Сидя в зрительном зале, я видела, как люди плакали. И плакала сама. При том, что Маджиди не «вышибает коленкой слезу», не драматизирует реальности. Он показывает жизнь, которую очень хорошо знает, так, что равнодушных не остается. Он находит такую точку опоры, что у тебя внутри переворачивается весь мир…
— Зрители России, Америки, Европы, Азии одинаково воспринимают мои фильмы, — рассказывает Маджиди. — Потому что есть языки, которые для всех людей одинаково понятны: это любовь, и к Богу, и в семье, человеческие чувства, доброта… Во всем мире они обозначают одно и то же. Понимаете, слова пророков так глубоко проникают в людей потому, что они обращены к сердцу человека, в них — любовь и доброта, и нет жестокости. Мне кажется, мы все должны стараться говорить на таком языке. Тогда мы будем слышать друг друга.
Может быть, именно поэтому, на фоне очень настороженного отношения к Ирану в сегодняшнем мире, иранское кино стало настоящим, позитивным культурным феноменом, о котором много говорят. А секрет, как мне кажется, прост: в этом кино художник рассказывает о своей стране, о своем народе — с любовью.

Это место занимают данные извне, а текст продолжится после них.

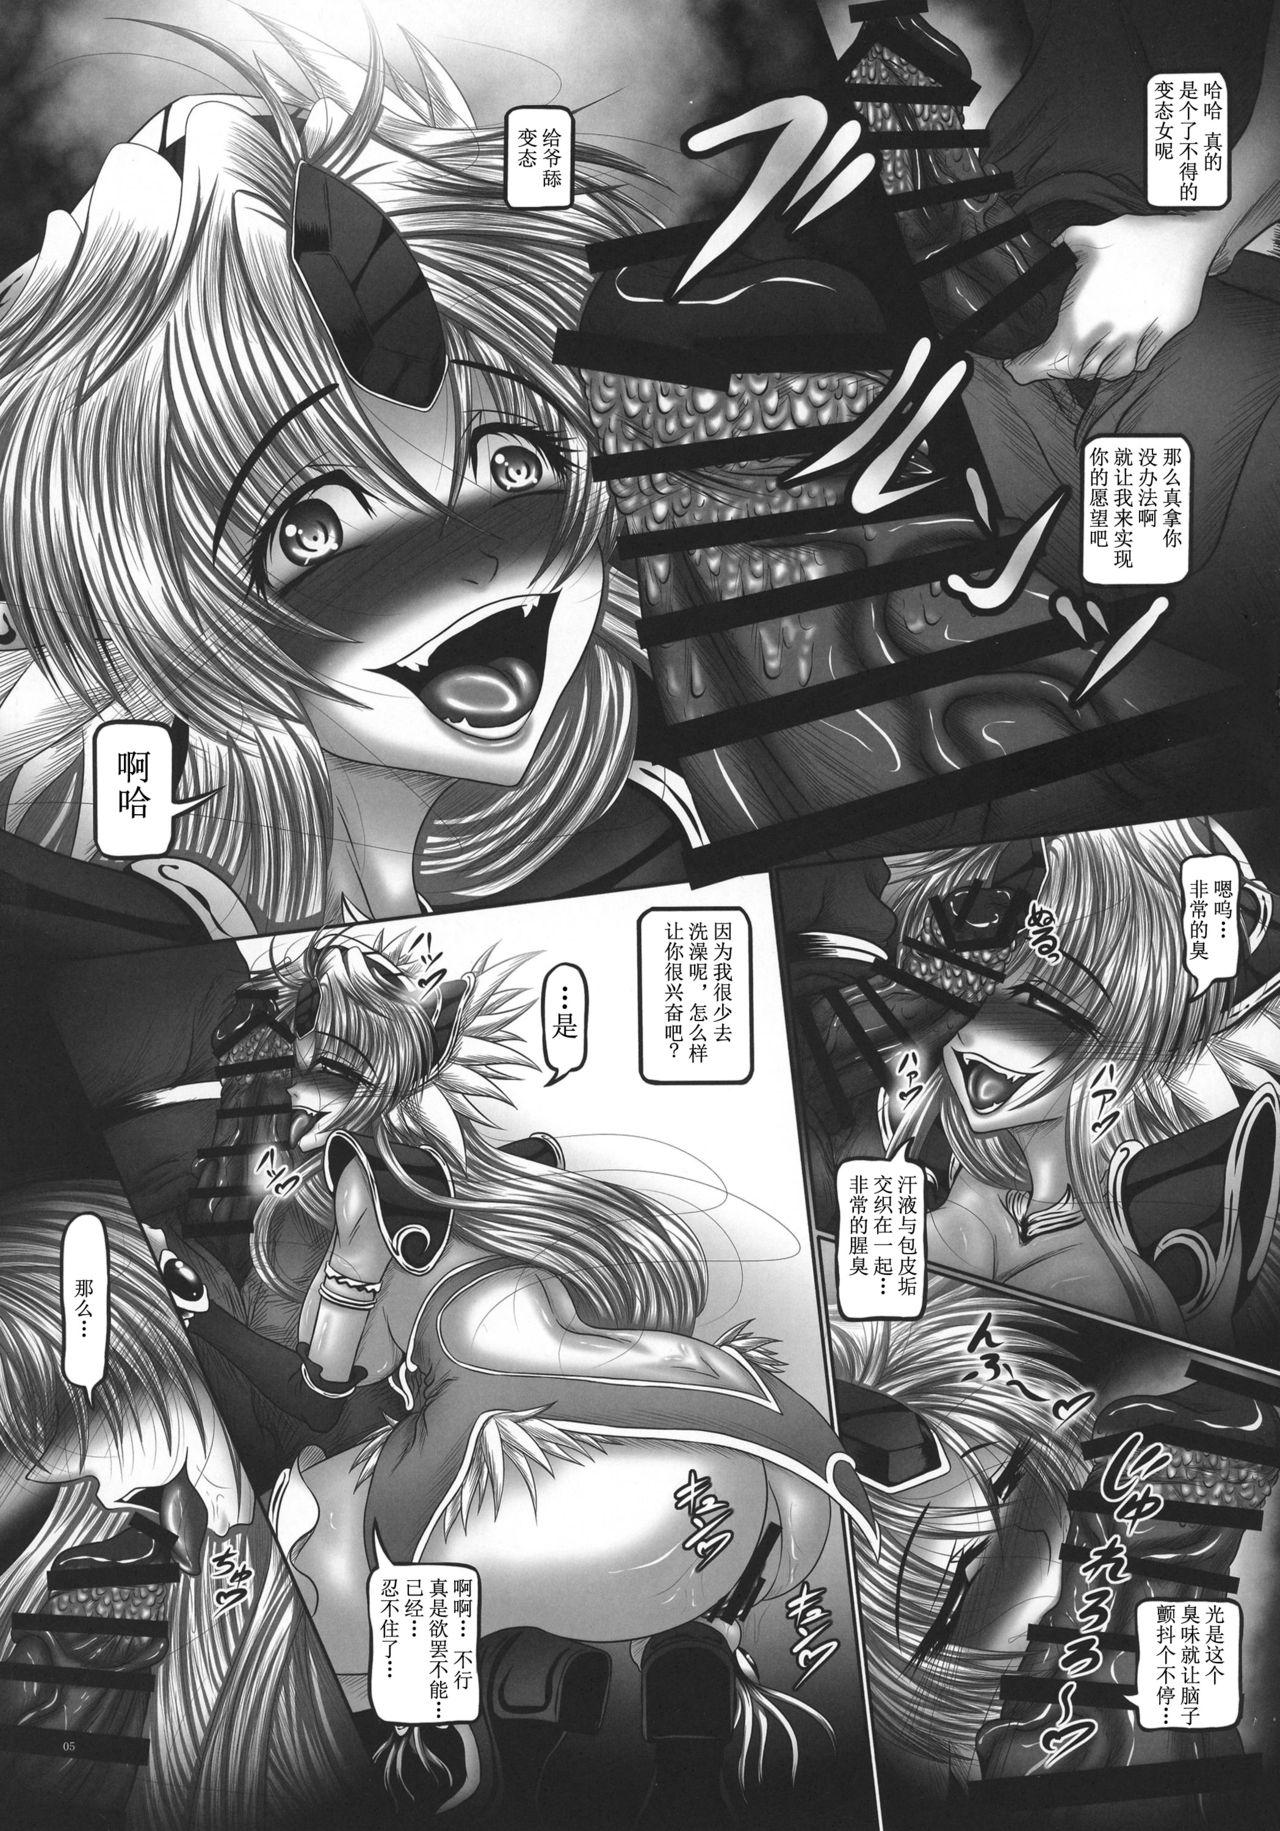 Leite Dragon' s Fall II - Seiken densetsu 3 Seiken densetsu Blacksonboys - Page 5

— Я за возвращение национальных ценностей, — говорит Маджиди. — Наше киноискусство заканчивается там, где начинается копирование западных картин. То, что делают Онзо и Куросава, разворачивая взгляд зрителя на свою собственную культуру, — это очень важно.
В «Цвете Бога» есть сцены, которые буквально завораживают, — так мне показалось. Например, та, где женщины иранского горного селения красят пряжу. В огромный чан с прозрачной бурлящей водой ловкие руки рассыпают охапку маковых лепестков — и вода становится густого алого цвета. В другой чан пригоршнями бросают сиреневые цветы — и вода словно впитывает их цвет… От такой красоты захватывает дух. Нужно, наверно, вырасти в этой стране и впитать в себя запах ее земли, напитаться ее солнцем, чтобы так рассказать о ней.
На что еще обращаешь особое внимание, это на вековечный семейный уклад. Почитание родителей, любовь к труду, внутренняя глубокая вера… Такое ощущение, что все жители горной иранской деревни… ходят перед Богом. Маджиди вырос в такой семье — религиозной, традиционной, дружной, где при безусловном главенстве в доме мужчины, мать и бабушка почитаются совершенно особенно. Все это есть в «Цвете Бога», как и в других его фильмах. Может, потому он так актуален и в России, где культ семьи нуждается в капитальном ремонте.
Кино Маджида Маджиди, безусловно, религиозно. Но в нем нет ни одного буквально говорящего о Боге эпизода. Его язык изобразительно прост, иногда метафоричен, но это никогда не назидание и не пропаганда.
— Бог есть в каждом человеке. Но говорить от имени Бога — для этого нужно обладать большой дерзостью. Я не считаю, что это необходимо. Свидетельствовать о Боге можно опосредовано — через людей, через Его действия в мире. Но нужно правильно выбрать язык. Если рассказать о Боге красиво, то, может быть, и не верящий в Него человек увидит Его проявление вокруг себя. Говорить о Боге явно, натуралистично — тоже не мой путь. Я уважаю моих зрителей и предпочитаю конфиденциальность.
Этот иранский режиссер не загадывает зрителю загадок. Он, скорее, делится собственным переживанием жизни. В каждом его фильме есть история ребенка, в каждой истории — глубокий опыт мудрого человека. Он не проповедует, но свидетельствует. И его слышат миллионы разноязычных людей. И плачут — о героях картин, о себе.
Материал опубликован в 4(27)-м номере «Фомы» 2005 г.